On Wed, Aug 12, 2009 at 9:14 PM, Bruce
Labitt<bruce.labitt at myfairpoint.net> wrote:

> Right now I'm trying to wrap my mind around how to just code the make_array
> part.  For some reason, I'm having trouble with the concept of some of the
> values inside the function being persistent.
>
> Say I have an array which is 100 elements.  I need to generate a second
> array which is also 100 elements, but it is composed of 25 repetitions of 4
> elements of a different array.  ( f[0], f[1], f[2], f[3] ) I then multiply
> the two arrays.  The result is returned by the generator.  The next time the
> generator is called, I use the first array again, but have to create a 'new'
> second array which is 25 repetitions of f[4], 25 repetitions of f[5],..., 25
> repetitions of f[7].
>
> I understand the repetitions and concatenation, which is very easy in
> scipy/numpy.  It is the persistence which I don't yet understand.
>
> In the above example, it is clear that the first array doesn't need to be
> inside the generator, although it may be convenient.
> Here is a snippet off the top of my head - no real thought into this yet,
> but...
>
> from numpy import ones, concatenate # don't know which module size is in...
>
> def make_array( freqsequence, firstarray, dt, otherparams ):
>   n = freqsequence.size
>   idx = 0
>   quartarray = ones(firstarray.size/4) # makes an array of ones
>   t = dt*range(n)

That won't work, at least not if dt is numeric and range() is the
builtin function.

>   while idx<n/4:
>      freqarray = freqsequence[idx]*quartarray
>      freqarray = concatenate([freqarray, freqsequence[idx+1]*quartarray],1)
>      freqarray = concatenate([freqarray, freqsequence[idx+2]*quartarray],1)
>      freqarray = concatenate([freqarray, freqsequence[idx+3]*quartarray],1)
>      yield firstarray*exp(2.0*pi*freqarray*t*1j)
>      t = t + n*dt
>      idx = idx+1
>
> Forgive the concatenations, there is a better way of doing this...  Which I
> will figure out about 50 microseconds after I hit send.
>
> Would this work?  Assuming of course that freqsequence.size is really
> divisible by 4.

The concept is fine, I can't vouch for the details!
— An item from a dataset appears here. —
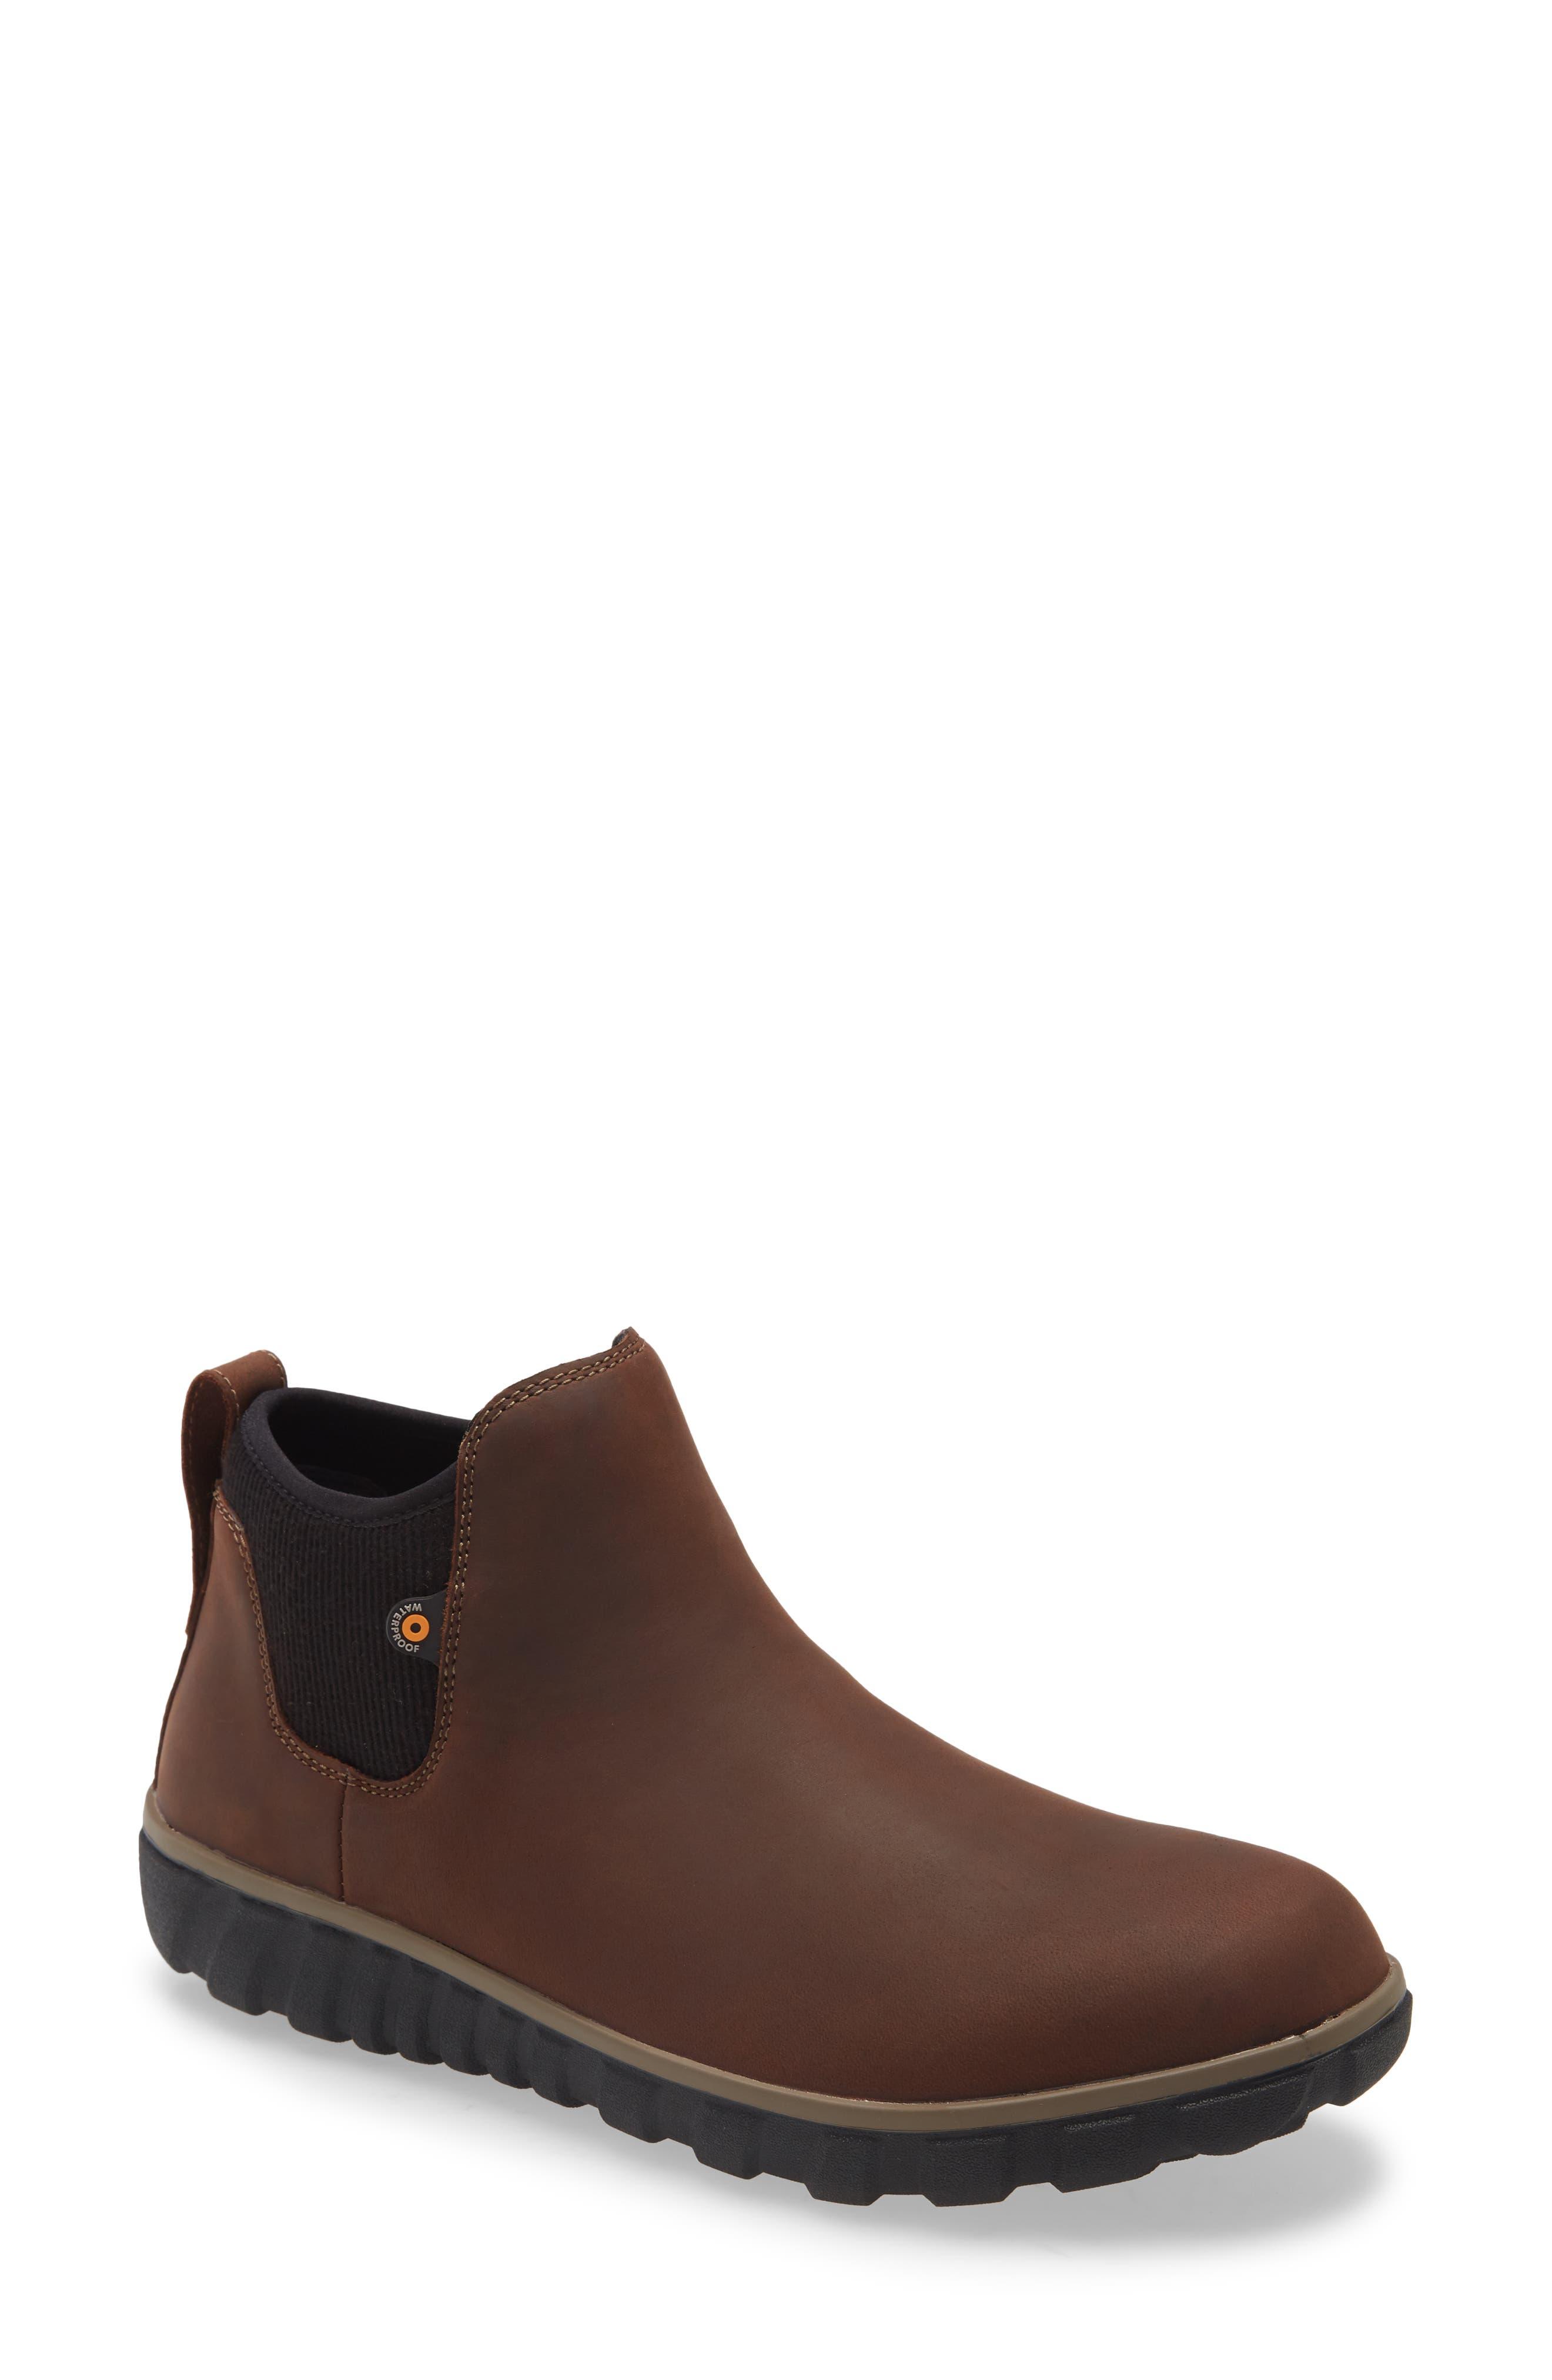 Classic Casual Waterproof Chelsea Boot

If you create the
arrays this way, then the first step in the generator chain is just
arrays - make_array(freqsequence, firstarray, dt, otherparams)
because that is already a generator.

> Will the values for t keep on increasing continuously?  At least until we
> run out of elements in freqsequence?

Yes, assuming n*dt is positive...

Kent